1. A protein glutaminase precursor mutant, characterized in that, The mutant is obtained by causing E35I, E58A, or E35I / E58A mutations or any one of them on the basis of the wild-type protein glutaminase propeptide; wherein, the amino acid sequence of the wild-type protein glutaminase propeptide is shown in SEQ ID NO.1; and the amino acid sequence of the E35I mutant is shown in SEQ ID NO.2; The amino acid sequence of the E58A mutant is shown in SEQ ID NO.3; The amino acid sequence of the E35I / E58A mutant is shown in SEQ ID NO.

4.

2. A polynucleotide, characterized in that, The polynucleotide sequence encoding the mutant according to claim 1 is shown in SEQ ID NO. 6; the polynucleotide sequence encoding the E35I mutant is shown in SEQ ID NO. 7; and the polynucleotide sequence encoding the E58A mutant is shown in SEQ ID NO.

8.

3. A recombinant plasmid, characterized in that, It comprises the polynucleotide as described in claim 2.
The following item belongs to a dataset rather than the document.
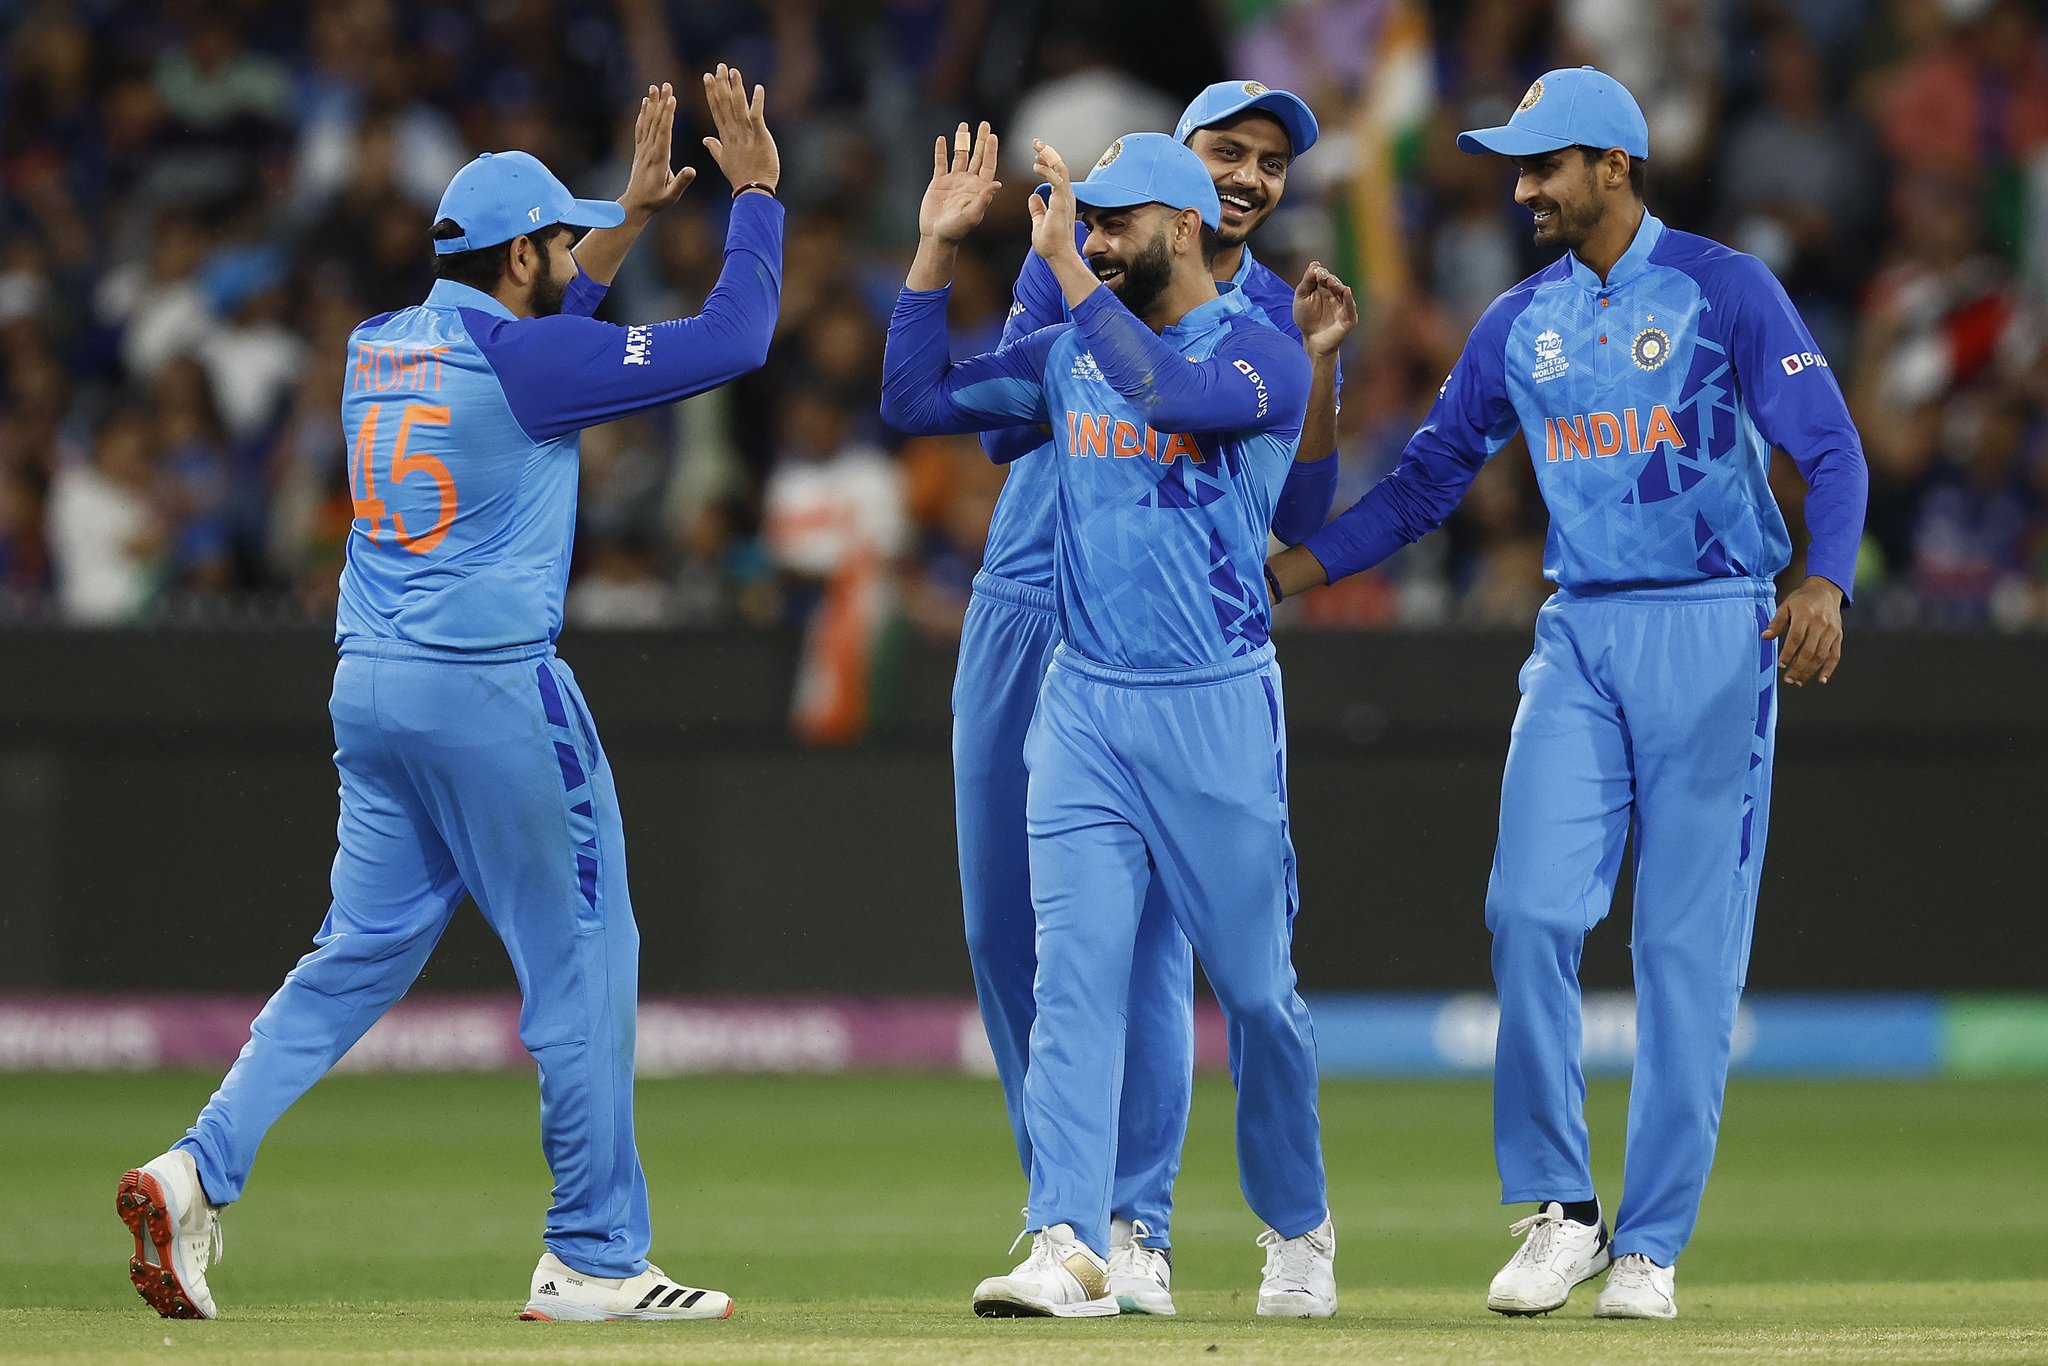 IND vs BAN: After returning to form Virat Kohli eyes 72nd century to go past Ricky Ponting, Check Kohli's MIND-BOGGLING stats vs Bangladesh, India vs Bangladesh

4. The recombinant plasmid according to claim 3, characterized in that, The expression vector for the recombinant plasmid is pBSA43.

5. A host cell, characterized in that, It comprises the polynucleotide of claim 2 or the recombinant plasmid of any one of claims 3-4.

6. The host cell according to claim 5, characterized in that, The host cell is a prokaryotic cell or a eukaryotic cell.

7. A genetically engineered bacterium, characterized in that, It comprises the polynucleotide of claim 2, or the recombinant plasmid of any one of claims 3-4.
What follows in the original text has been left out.